- Born: 1980 (age 45–46) Iquitos, Peru
- Education: Pontifical Catholic University of Peru
- Awards: Gold Medal from the Korea Women Invention Association (2024)
- Scientific career
- Workplaces: Pontifical Catholic University of Peru

= Fanny Casado =

Peruvian chemist

Fanny Lys Casado Peña (born 1980, Iquitos) is a Peruvian scientist specializing in toxicology and bioengineering. She serves as a principal professor at the Pontifical Catholic University of Peru and is a principal researcher at the Institute of Omic Sciences and Applied Biotechnology at the same university. She has developed a prototype container for sputum sample collection to prevent contamination in the pre-analytical phase of tuberculosis diagnosis.

Casado Peña has also been recognized as a senior member of the Institute of Electrical and Electronics Engineers (IEEE) and has received the Outstanding Professional Award 2023 from the College of Chemists of Peru.

== Biography ==
Fanny Casado Peña was born in Iquitos and completed her early studies in that city. She later moved to Trujillo and subsequently to Lima, where she finished her secondary education. Her interest in science emerged through the influence of her father, a chemical engineer, and a chemistry teacher who encouraged her to explore the subject in greater depth.
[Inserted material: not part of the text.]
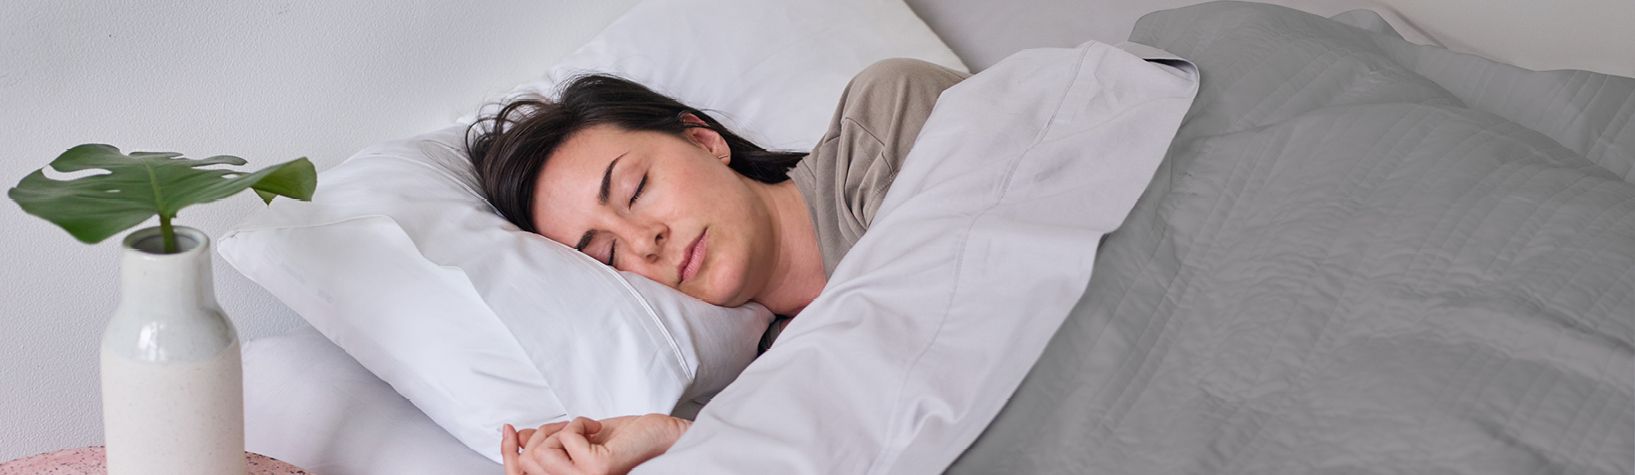 Sleep myths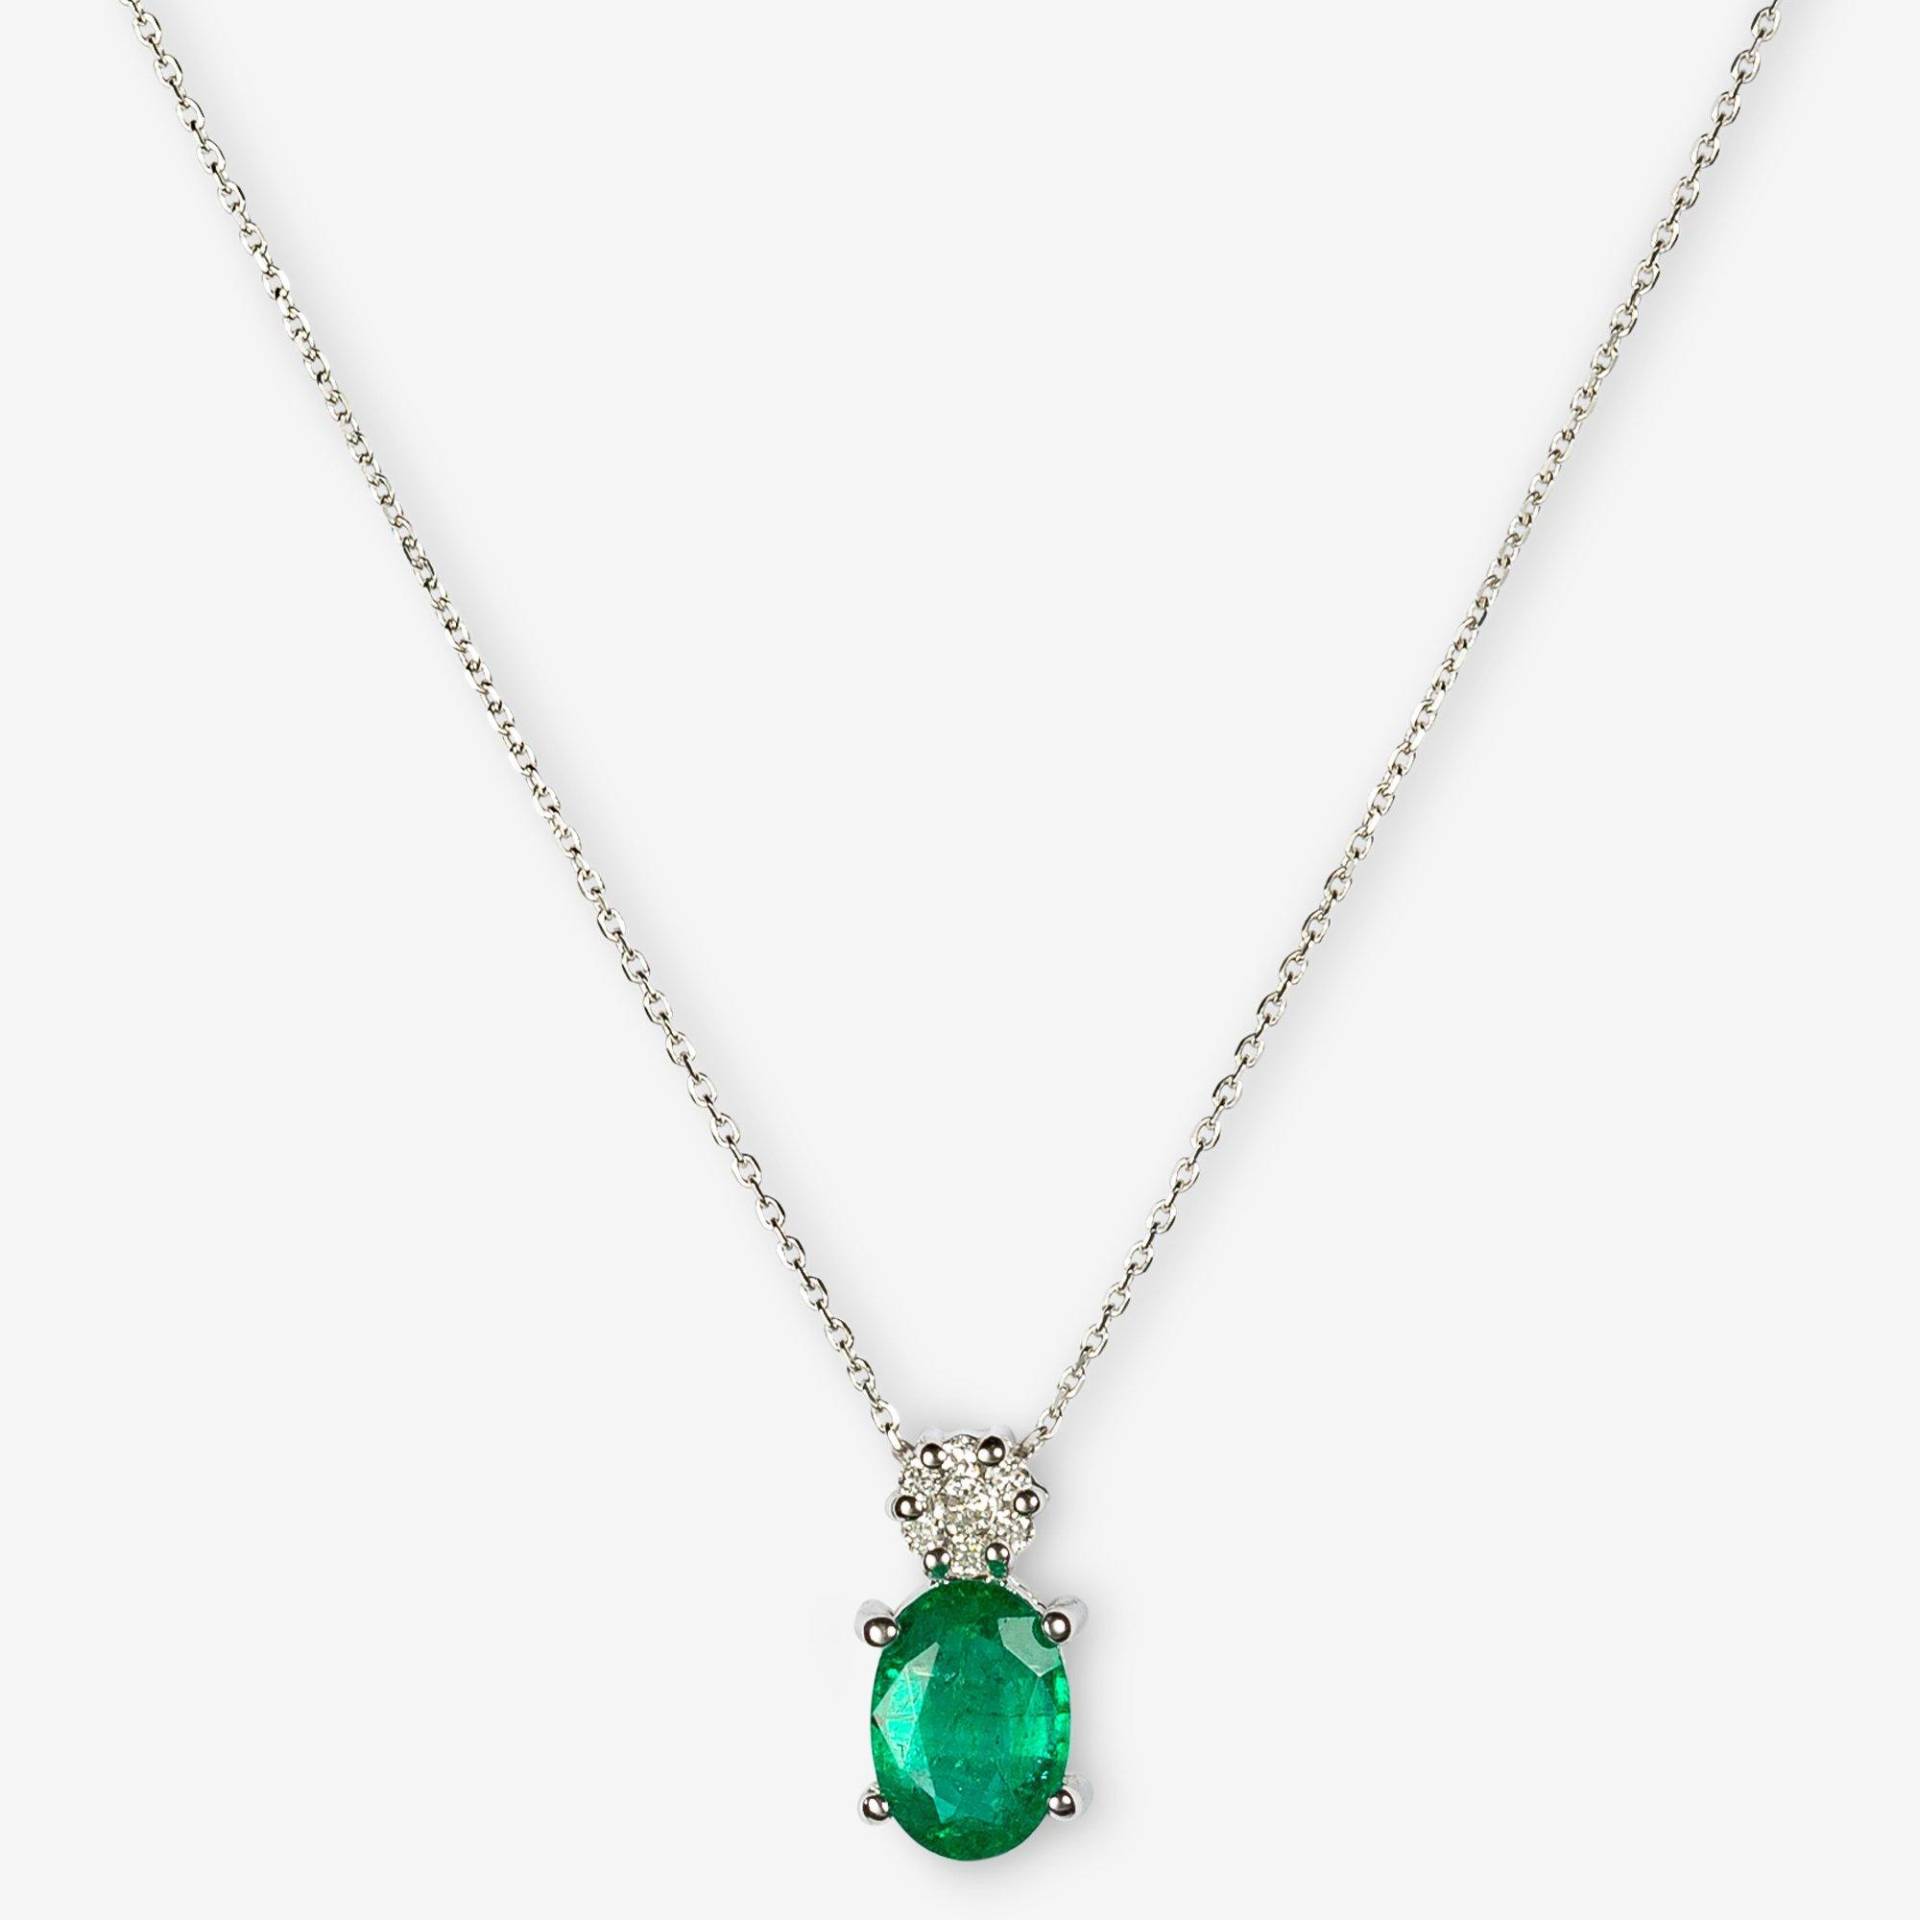 ZEN DIAMOND Halskette Damen Weissgold 45cm von Zen Diamond

She obtained her Doctor of Philosophy in Toxicology from the University of Rochester, United States, where she also completed a Master of Science. Additionally, she holds a Master of Science in Forest Molecular Genetics and Biotechnology from Michigan Technological University. Prior to this, she earned a bachelor's degree in chemistry from the Pontifical Catholic University of Peru.

== Career ==
After completing her doctorate, Casado pursued postdoctoral research in stem cells and cancer at McMaster University in Canada, and at Johannes Gutenberg University Mainz in Germany. She currently leads interdisciplinary projects focused on implementing safe technologies for people and the environment. Her work integrates methodologies for the design, development, and validation of drugs, cell therapies, and medical devices.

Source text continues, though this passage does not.